679 Waring Ave., LLC v. Sosa
This text of 679 Waring Ave., LLC v. Sosa (679 Waring Ave., LLC v. Sosa) is published on Counsel Stack Legal Research, covering Appellate Terms of the Supreme Court of New York primary law. Counsel Stack provides free access to over 12 million legal documents including statutes, case law, regulations, and constitutions.
Opinion
| 679 Waring Ave., LLC v Sosa |
| 2023 NY Slip Op 50632(U) |
| Decided on June 26, 2023 |
| Appellate Term, First Department |
| Published by New York State Law Reporting Bureau pursuant to Judiciary Law § 431. |
| This opinion is uncorrected and will not be published in the printed Official Reports. |
Decided on June 26, 2023
SUPREME COURT, APPELLATE TERM, FIRST DEPARTMENT
PRESENT: Brigantti, J.P., Michael, James, JJ.
570549/22
against
Manuel Sosa and Joel Sosa, Respondents-Tenants-Appellants,
- and - John Doe and Jane Doe, Respondents.
Tenants, as limited by their brief, appeal from 1) an order of the Civil Court of the City of New York, Bronx County (Christel Fleur Garland, J.), dated August 10, 2022, which denied their motion to vacate a prior order on the basis of alleged fraud and misconduct, and 2) an order (same court and Judge), dated August 18, 2022, which denied their request to compel landlord to furnish an executed renewal lease in compliance with an order of DHCR, in a holdover summary proceeding.
Per Curiam.
Appeal from order (Christel Fleur Garland, J.), dated August 10, 2022, dismissed, without costs, as nonappealable. Appeal from order (Christel Fleur Garland, J.), dated August 18, 2022, dismissed, without costs, as academic.
Despite tenants' denomination of their February 11, 2022 motion as one to vacate a prior (unappealed) order on the ground of fraud or misrepresentation (see CPLR 5015[a][3]), the motion was, in actuality, a motion for leave to reargue, and Civil Court properly treated it as such, "since it merely reiterated previously raised arguments, and presented no new material evidence" (Kaminer v Wexler, 40 AD3d 405, 406 [2007], lv dismissed 9 NY3d 955, 975 [2007]; see Cangro v Cangro, 272 AD2d 286 [2000]).
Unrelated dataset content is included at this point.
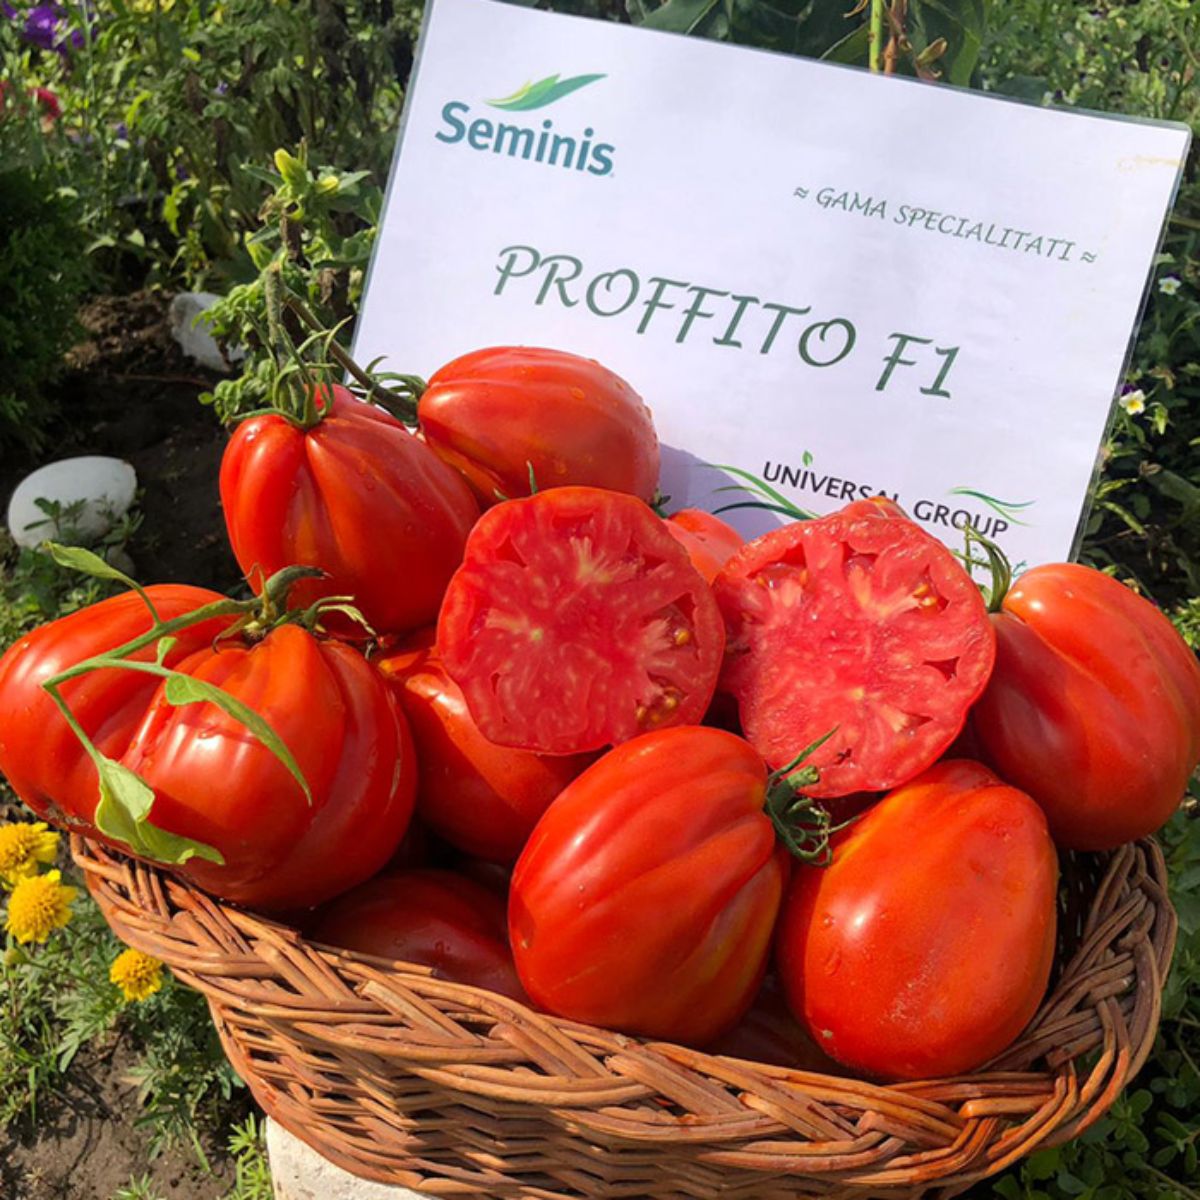 Tomate - Seminte de tomate Profitto F1, 100 seminte, hectarul.ro

Indeed, the purported new facts concerning the building superintendent's status as an agent, rather than an employee of landlord, were known at the time of the prior motion and specifically addressed in tenants' counsel's May 12, 2021 affirmation. Accordingly, the appeal from the August 10, 2022 order is dismissed, as no appeal lies from the denial of a motion for reargument (see Brito v Allstate Ins. Co., 135 AD3d 568 [2016]; Matter of Suzanne v Suzanne, 69 AD3d 1011 [2010]). Were we to reach the merits, we would, in any event affirm.
Tenants' contentions regarding the August 18, 2022 order have been rendered academic by the parties' stipulation dated May 8, 2023, resolving, among other things, the parties' dispute regarding landlord's compliance with an order issued by DHCR.
THIS CONSTITUTES THE DECISION AND ORDER OF THE COURT.